6 GB CompactFlash Card
At the annual Photo Marketing Association show in Las Vegas last week, SimpleTech announced the first 8 GB CompactFlash card. This memory card features a controller that writes data at a speedy 10 MB/sec and has a price tag, $6,000, to match its huge size. This is ten times the cost of most high-end PDAs and smartphones. A card of this size and price is aimed at professional photographers, as it is out of the price range of most mobile device users.

Memory card prices drop fairly quickly, however, as new capacity highs are always being reached. SimpleTech expects to start producing these cards in the second quarter. It'll come with a lifetime warranty.

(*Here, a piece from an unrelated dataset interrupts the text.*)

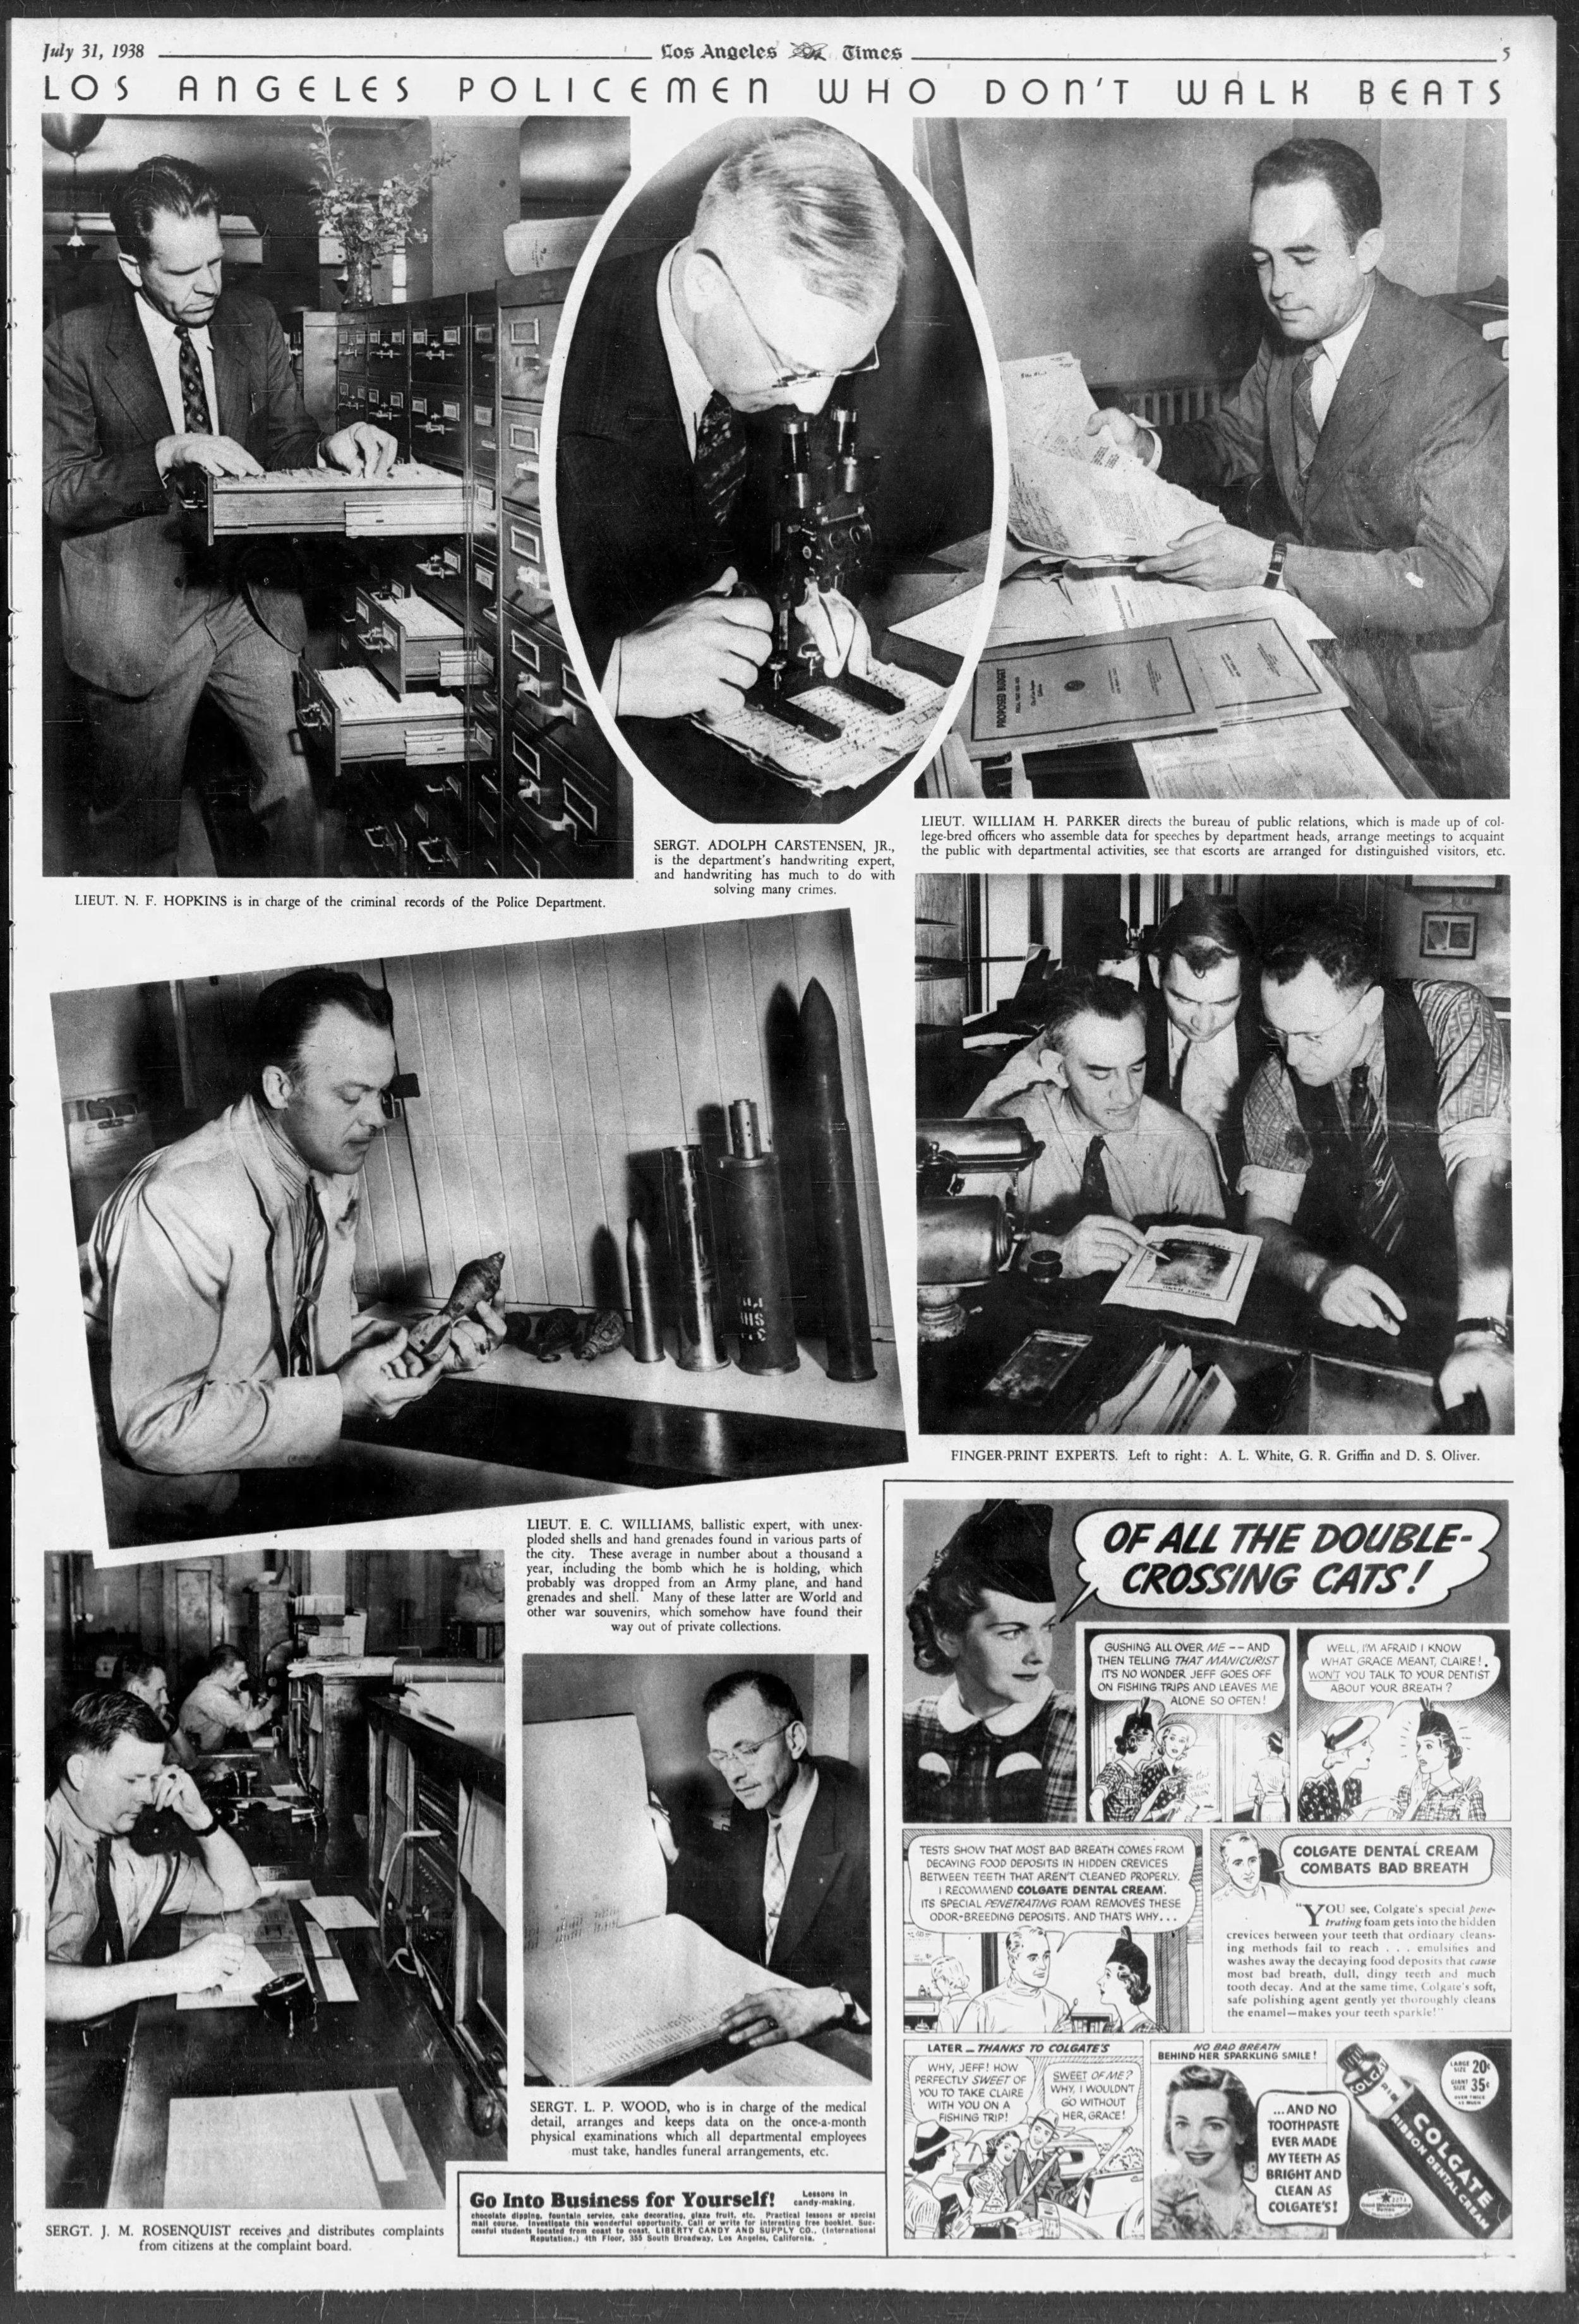 The_Los_Angeles_Times_Sun__Jul_31__1938_.jpg

SandDisk Storage High's & Low-Costs
SandDisk also made some announcements at the Photo Marketing show. SanDisk's products fall more in line with what handheld users might be willing to spend on memory cards. First up, the company plans to launch a line of low-cost CompactFlash and SD cards called the Shoot & Store line. The first products in this line include 32 MB Secure Digital and CompactFlash cards for $14.99, available at your local pharmacy or grocery store, with 64 MB memory cards to appear later in the year for $24.99. SandDisk also plans to add other types of expansion memory, including Memory Stick Pro, to the Shoot & Store line in the future.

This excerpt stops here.